◆ Task statement:
Give back an exact copy of the lines in the records below, from the line that has "[PREORDER] Big Size" through the line that has "Made completely of", and nothing besides.

◆ Data excerpts:
■ ■ ■ ■
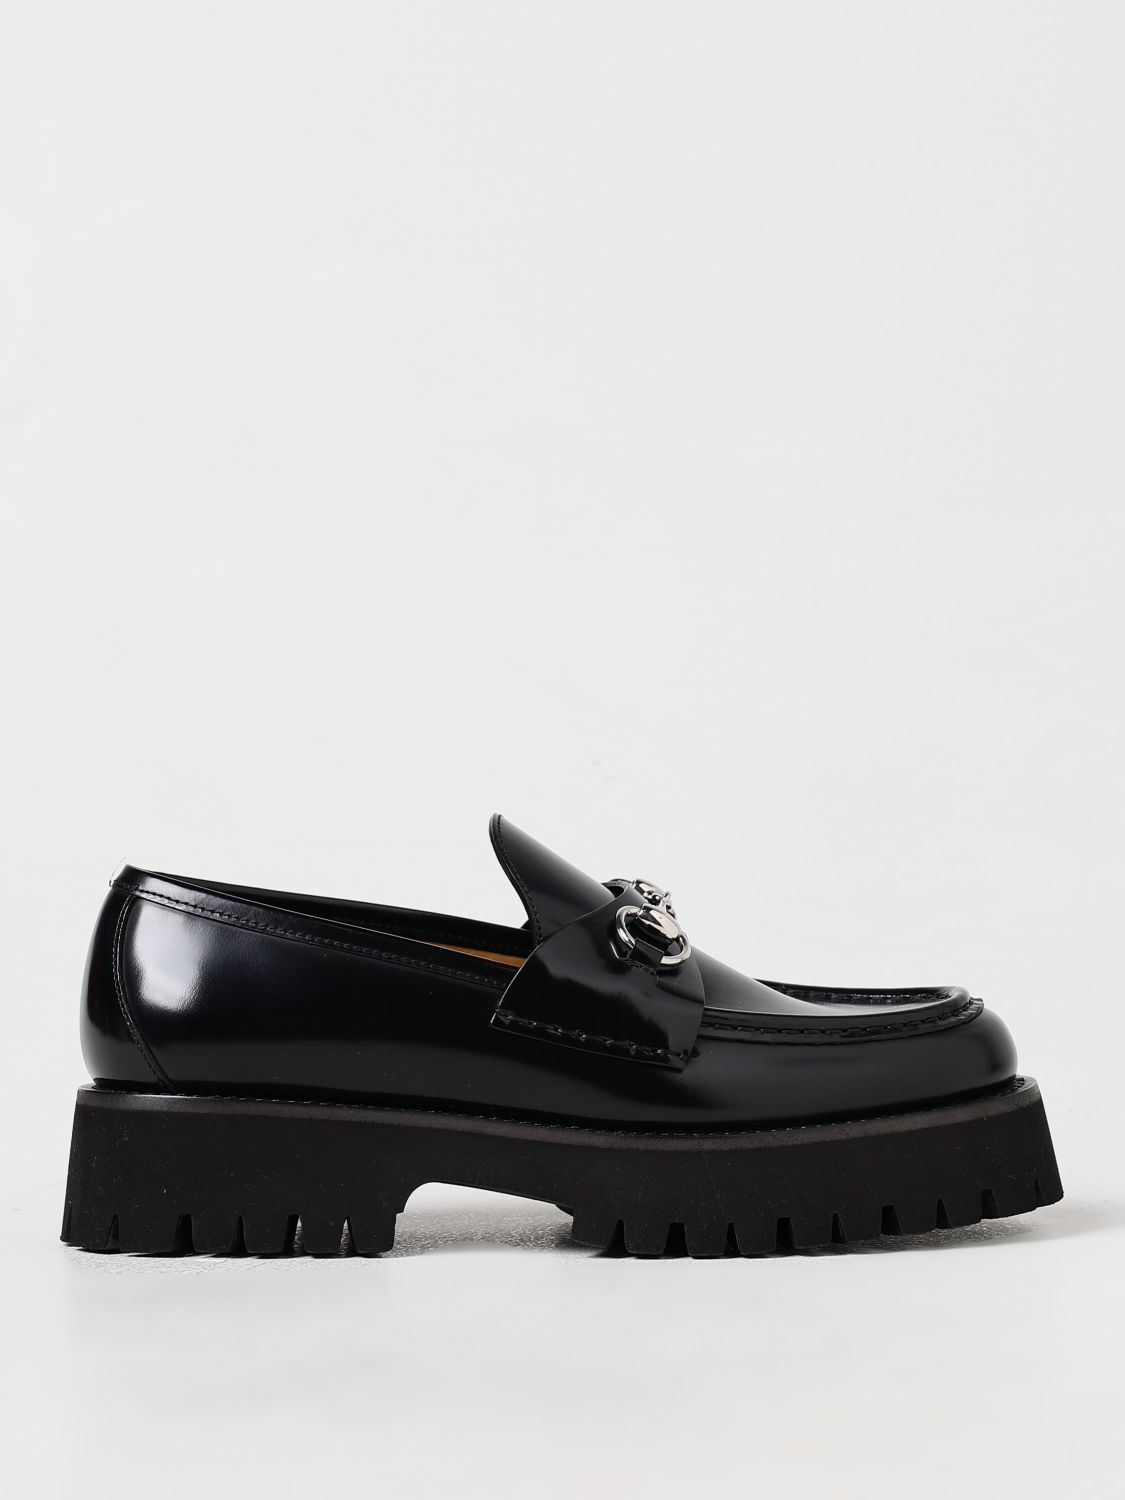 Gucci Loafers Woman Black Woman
■ ■ ■ ■
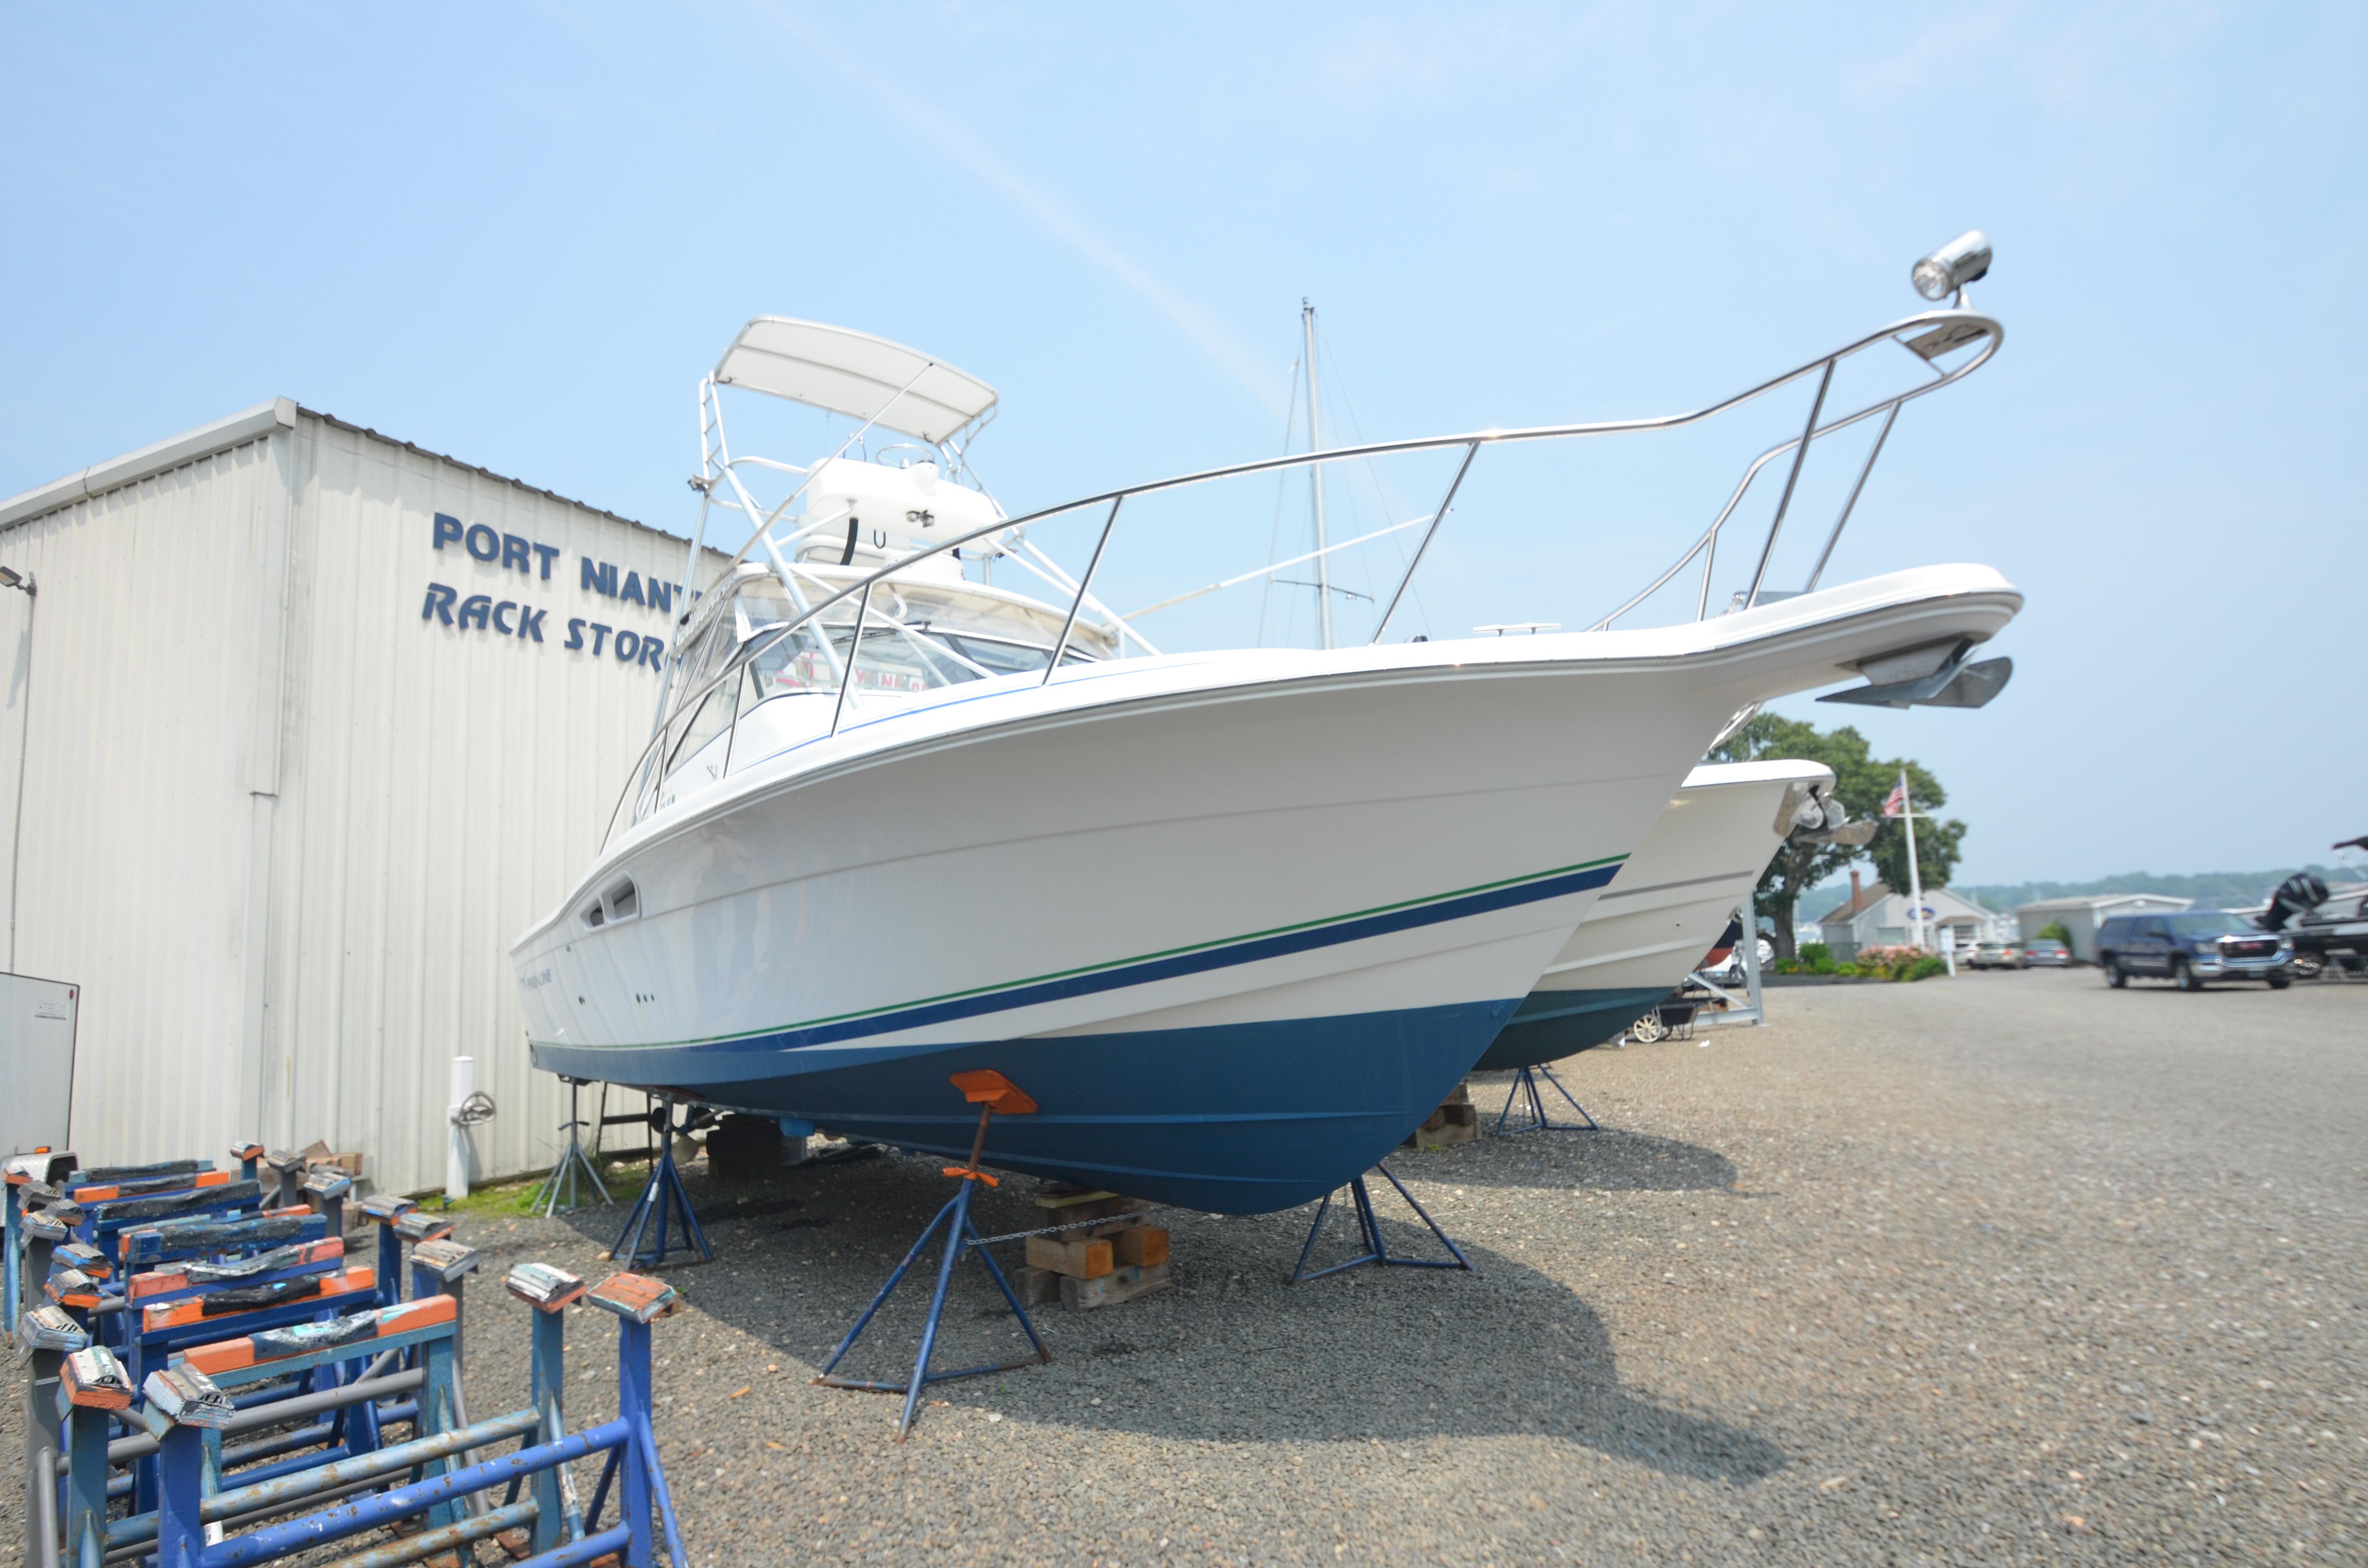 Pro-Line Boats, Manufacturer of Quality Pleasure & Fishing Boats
■ ■ ■ ■
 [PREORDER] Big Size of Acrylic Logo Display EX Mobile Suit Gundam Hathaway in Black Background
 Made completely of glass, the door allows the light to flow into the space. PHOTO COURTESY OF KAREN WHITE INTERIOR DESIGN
■ ■ ■ ■
◆ Solution to this exercise:
 [PREORDER] Big Size of Acrylic Logo Display EX Mobile Suit Gundam Hathaway in Black Background
 Made completely of glass, the door allows the light to flow into the space. PHOTO COURTESY OF KAREN WHITE INTERIOR DESIGN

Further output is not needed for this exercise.